Your assignment: Without copying any picture, return all lines below exactly.

Information supplied:
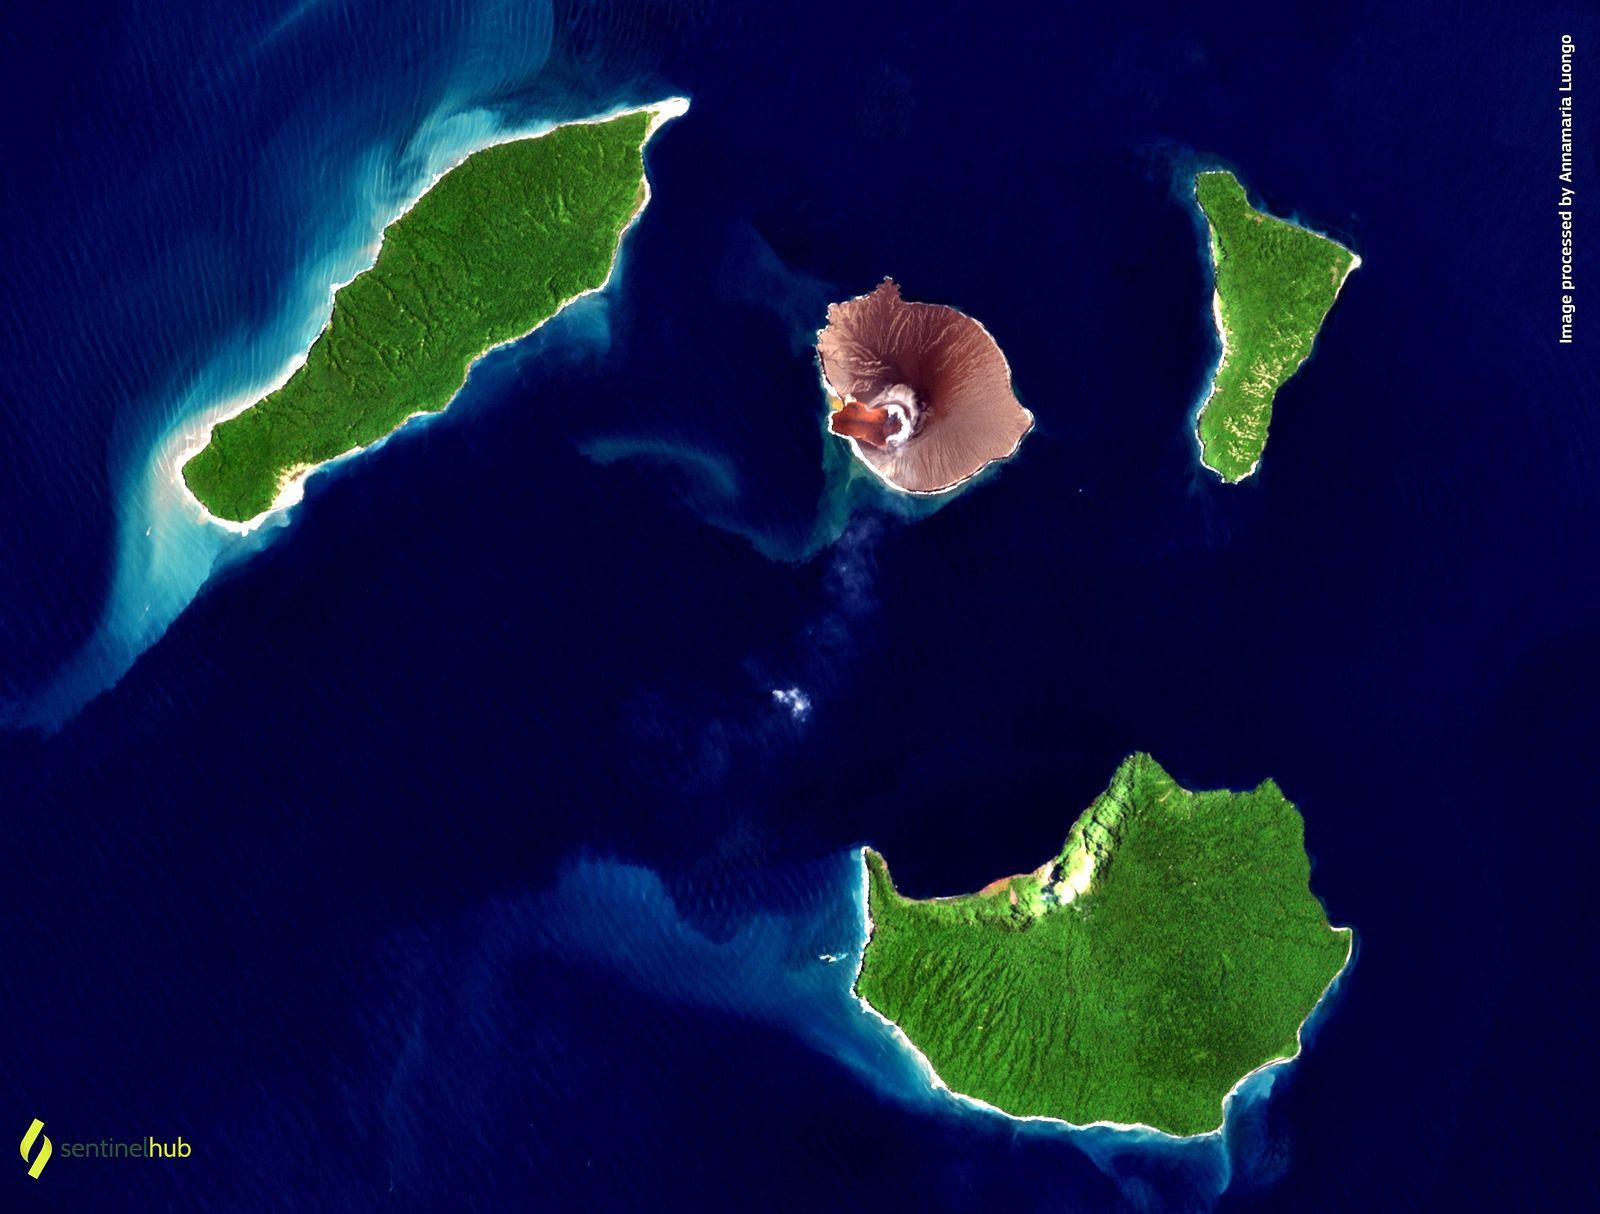 L'Anak Krakatau tire la langue -  image Eos - Sentinel Hub 05.03.2021 - A. Luongo - un clic pour agrandir
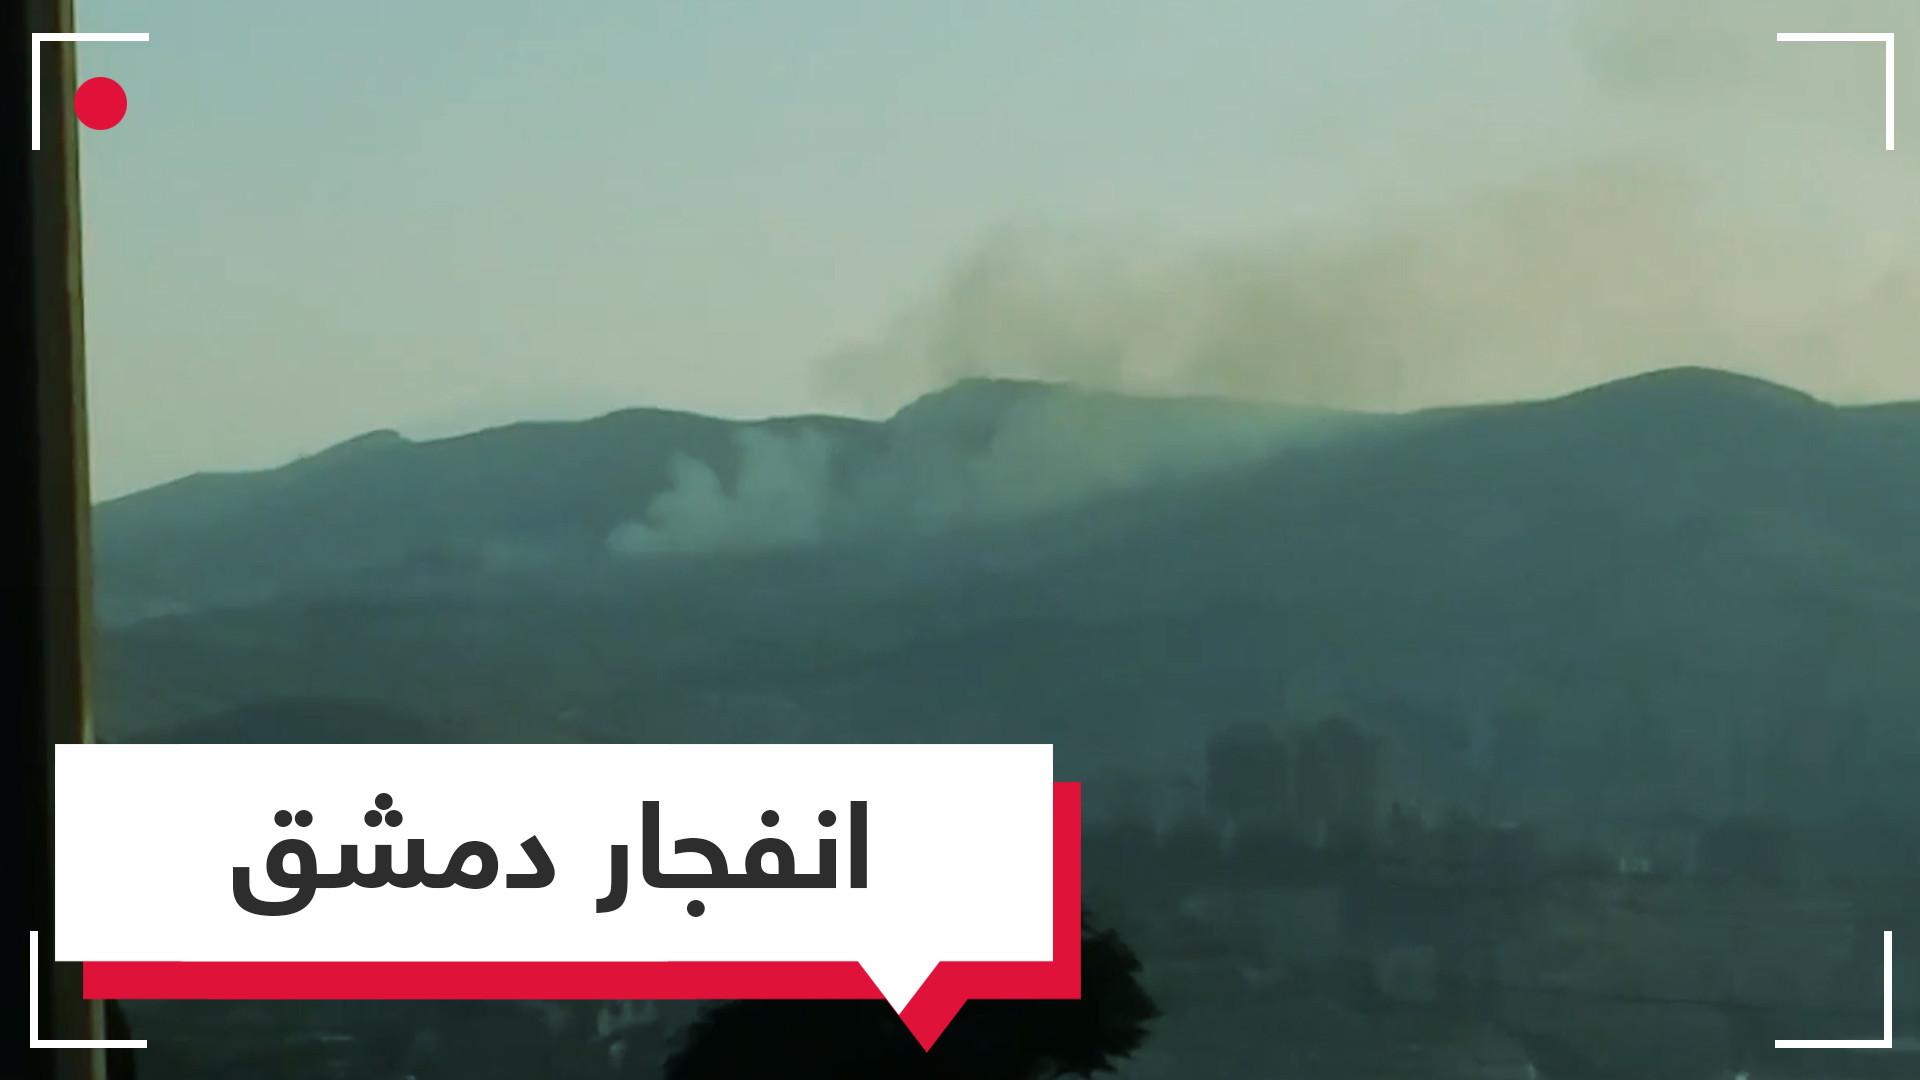 انفجار هائل غرب دمشق.. هل وقع بمستودع ذخيرة؟
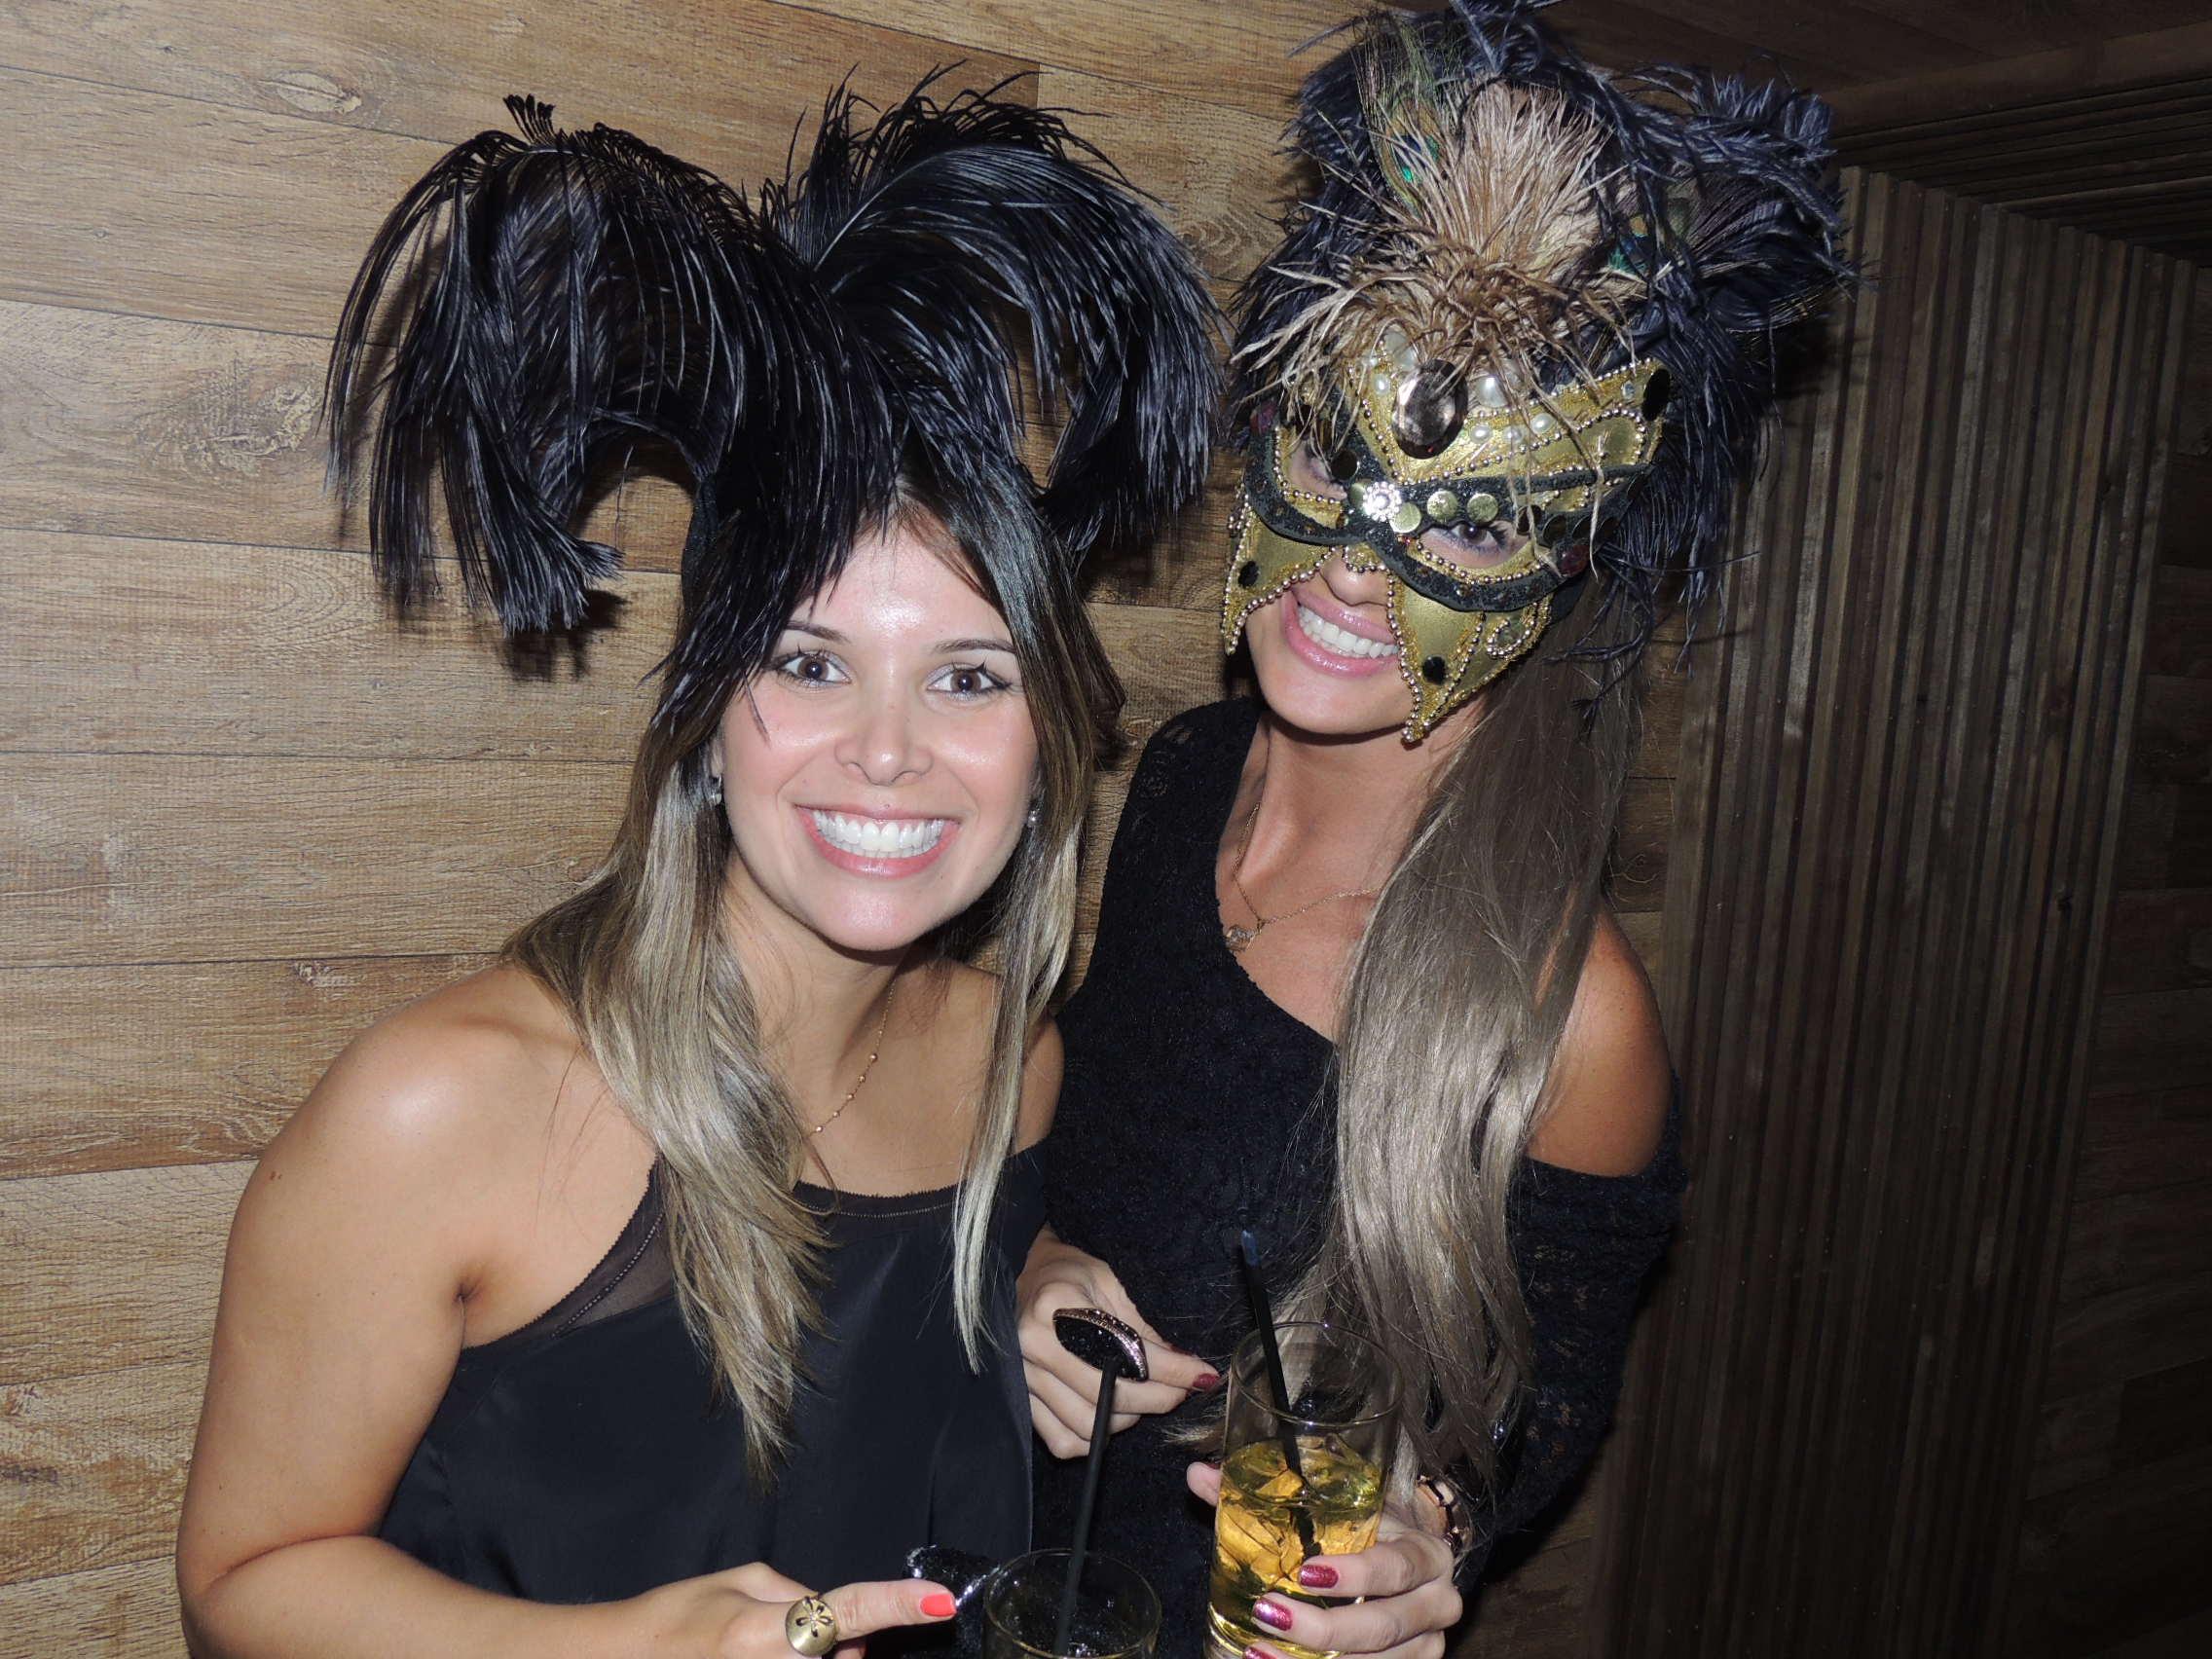 12/2/2013 - Dupla participou de baile de máscaras Em Florianópolis

Answer to the exercise:
 L'Anak Krakatau tire la langue -  image Eos - Sentinel Hub 05.03.2021 - A. Luongo - un clic pour agrandir
 انفجار هائل غرب دمشق.. هل وقع بمستودع ذخيرة؟
 12/2/2013 - Dupla participou de baile de máscaras Em Florianópolis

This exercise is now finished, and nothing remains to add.